# Can't boot from USB or DVD



## Wootcakes (Dec 9, 2012)

Hi!

I recently purchased a new laptop for my girlfriend (Samsung NP350V5C-T02US) and I wanted to reformat it and install Windows 7 on the machine. I have been battling with it for a week now trying to get it to boot from USB or DVD. I have updated the BIOS to the most recent version that is on Samsung's website but it still won't work.

When I look in the BIOS under Boot, I only have one boot option. When I hit enter on that I allows me to pick "Windows Boot Manager" which then lists my HDD, or I can disable it (see the pictures below). I've tried disabling it and seeing if it will force it to boot from either the DVD or USB but not so much.

The BIOS is "Aptio Setup Utility", BIOS Version: P03ABE, MICOM Version: P03ABE.

I know that my flash drive and the DVD will boot properly, I tested them on my other two computers. I have tried putting the flash drive in each USB port and it still will not see it. I talked to Samsung's tech support but that went as well as expected,

"We sincerely apologize for this, however if your trying to put windows 7 on the unit you would have to contact microsoft about the issue. The unit will support it, however Samsung will not take it down to 7 from 8." 

Anyway, I was going to try to unplug the HDD and see if I can get it to boot that way. Knowing my luck this will work, but then I can't reformat the HDD and install Windows 7.

My memcheck CD won't boot in the machine either (since I installed new RAM I wanted to make sure it was working properly). Anyway, I'm really at my breaking point with this machine so if you fine folks could help I would bake you cookies!

Thanks!!


----------



## Triple6 (Dec 26, 2002)

You need to disable UEFI BIOS and enable the Legacy BIOS version, if Samsung has chosen to provide that.


----------



## Wootcakes (Dec 9, 2012)

Cool thanks. Is this an option in the BIOS itself? If so, I'm not seeing it.

EDIT: Oh I see.

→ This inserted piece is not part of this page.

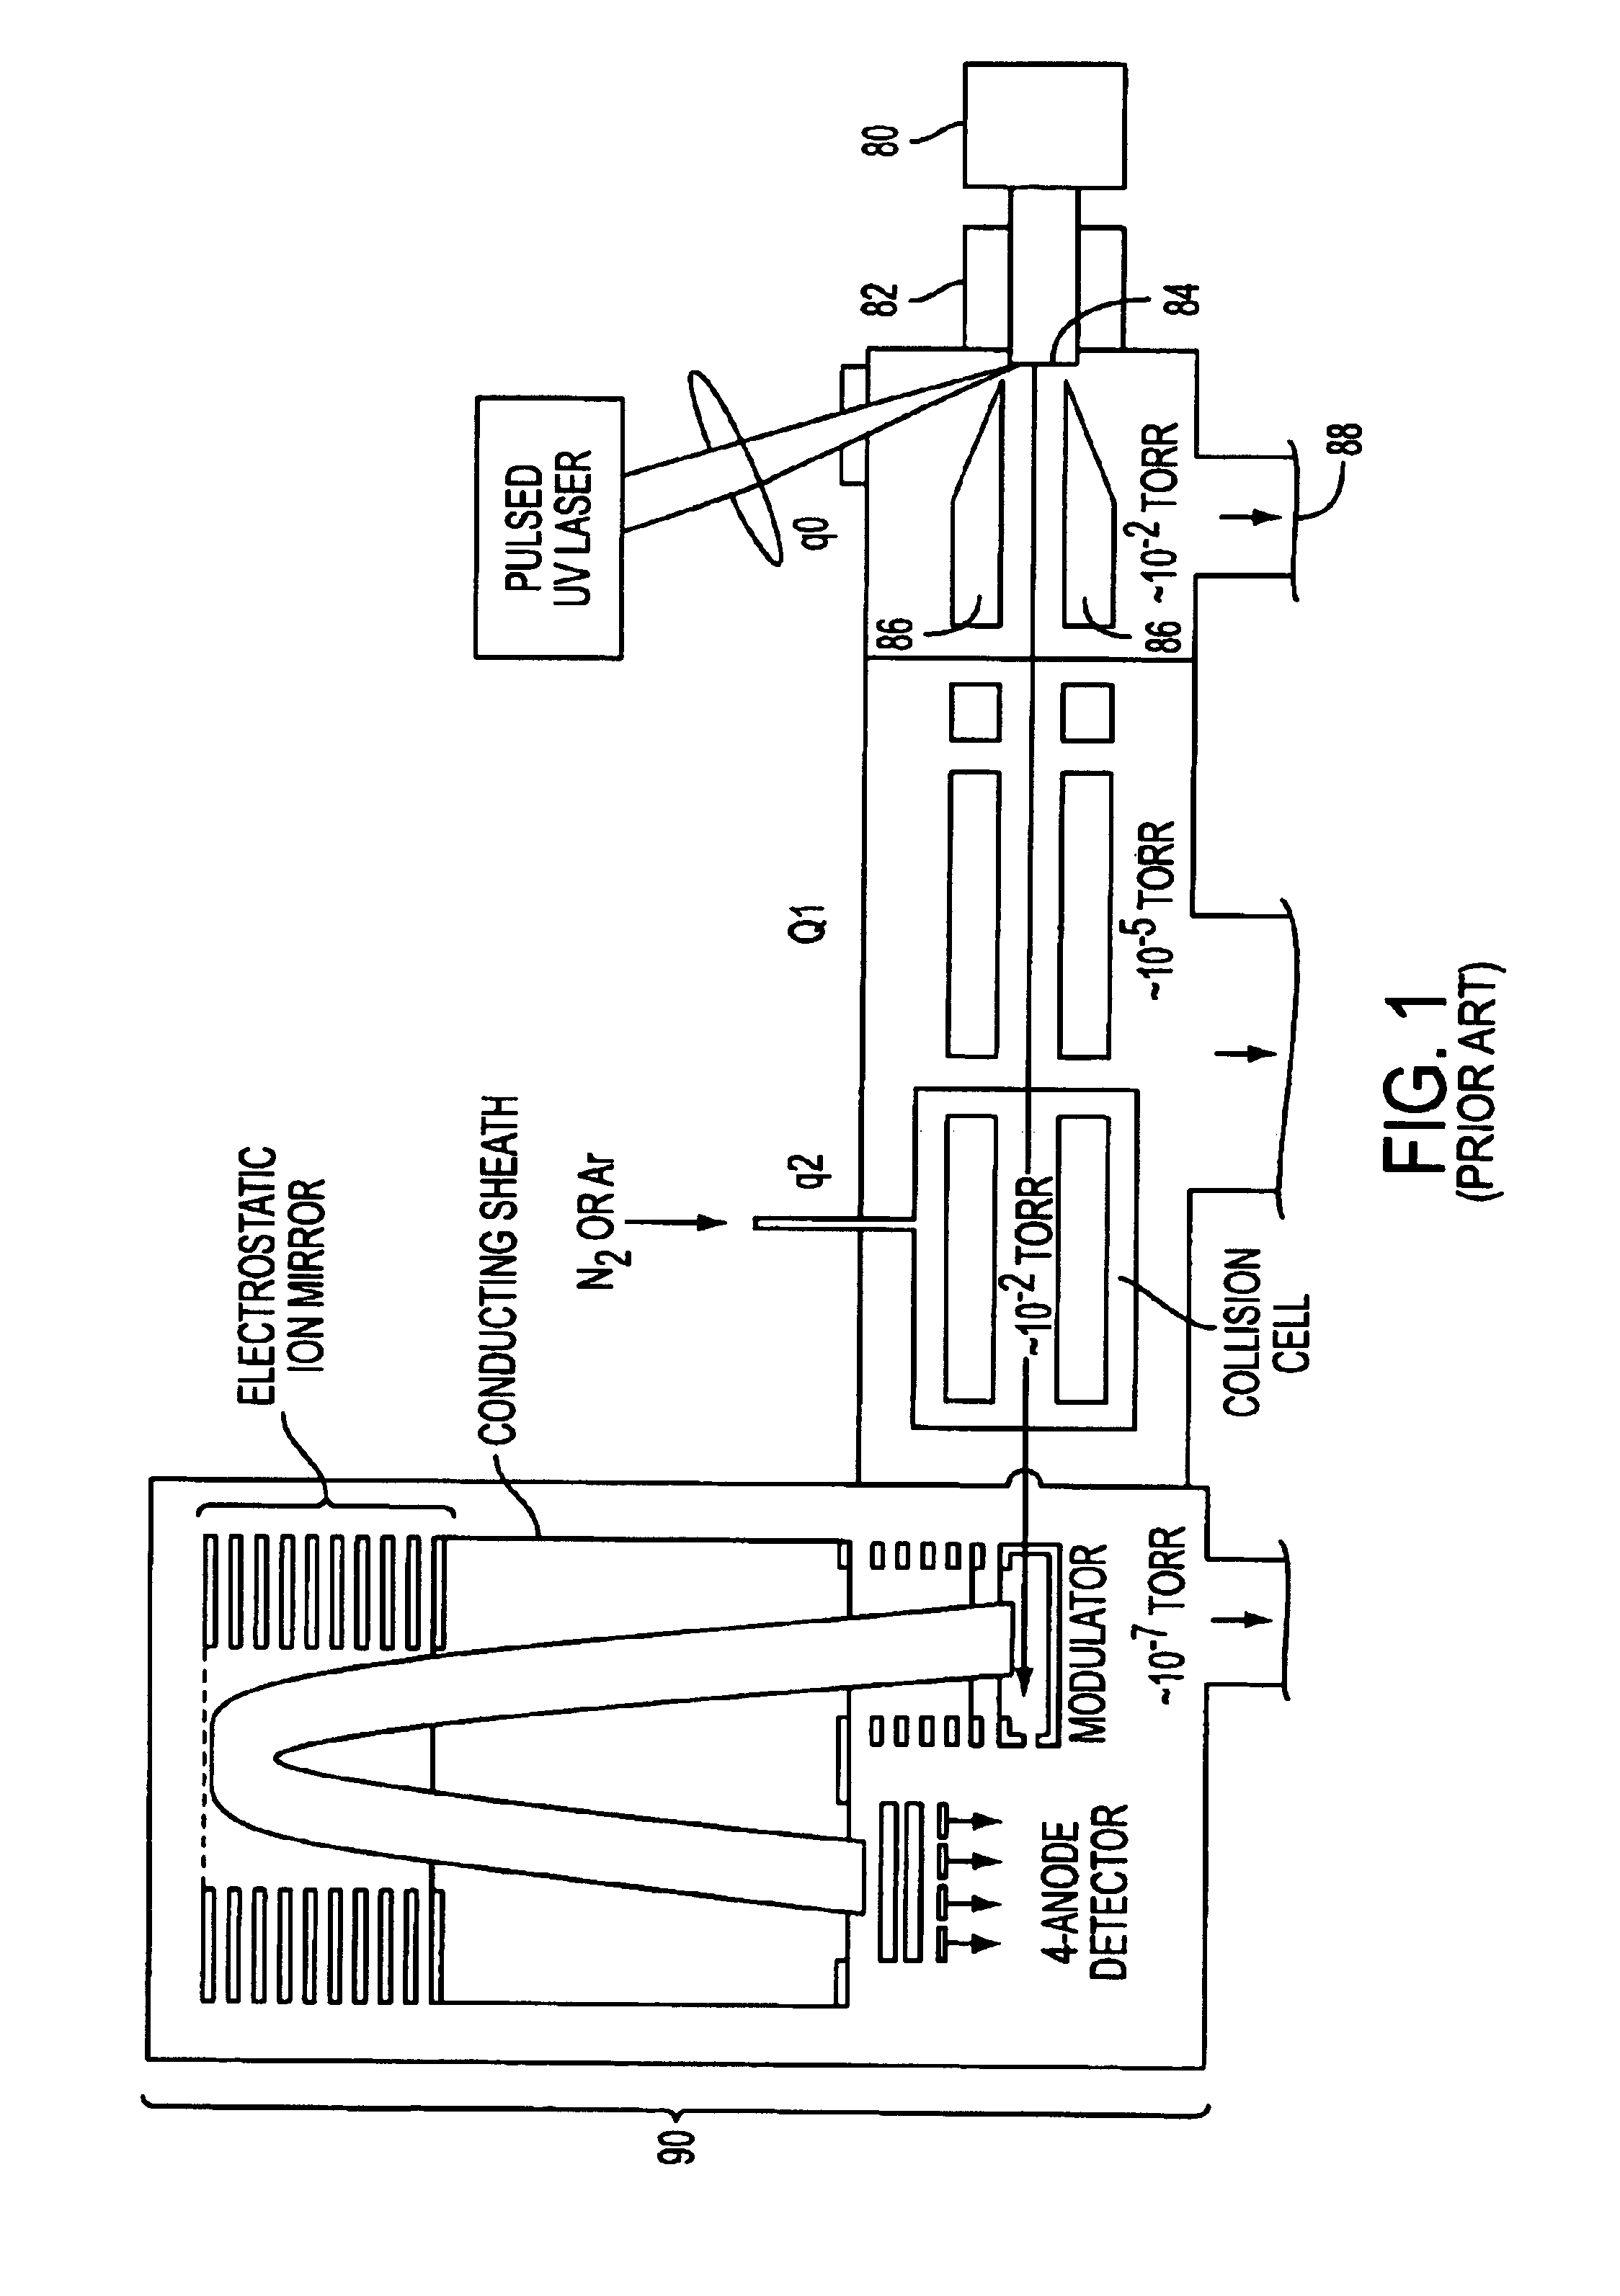 Methods and apparatus for improved laser desorption ionization tandem mass spectrometry
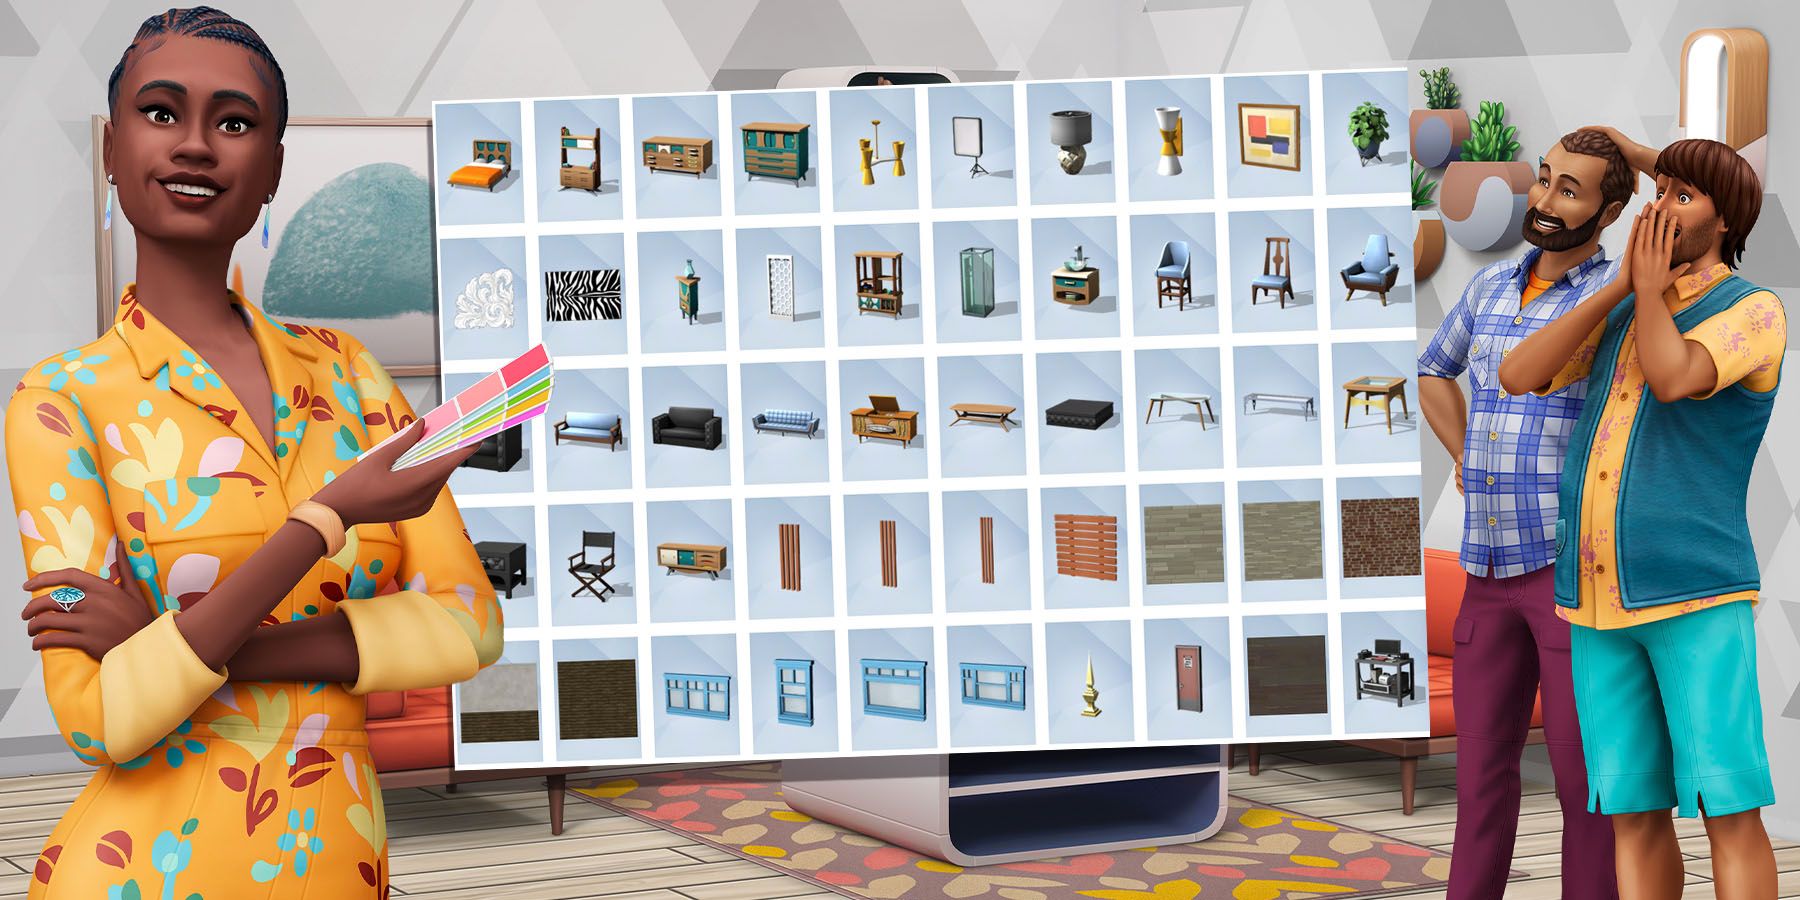 The Sims 4 Cheat: Unlock All Career Locked Items in Build Mode

I disabled Secure Boot and it gave me an option "OS Mode Selection" In there I have three choices, "UEFI OS", "CSM OS", and "UEFI and Legacy OS."
Is the third options what I want?


----------



## Triple6 (Dec 26, 2002)

Possibly not, it's up to Samsung to implement it. Doing a Google search suggests Samsung laptops are not the best choice to switch operating systems on. Is there no EUFI settings in the BIOS?


----------



## Triple6 (Dec 26, 2002)

On the Samsung website, under the Firmware section there's a BIOS update for Windows 7: http://www.samsung.com/ca/support/model/NP350V5C-S01CA-downloads
Is that what you have installed? Are you sure it actually flashed the BIOS correctly?


----------



## Wootcakes (Dec 9, 2012)

Holy crap! I picked the third option and now I can boot from USB and everything is working just fine! Thanks soooooo much! I have been working on this crap for soooo long! =)


----------



## Wootcakes (Dec 9, 2012)

Yeah that looks like the one I installed. When I installed it the BIOS version did change.


----------



## Triple6 (Dec 26, 2002)

Thats good to hear :up:


----------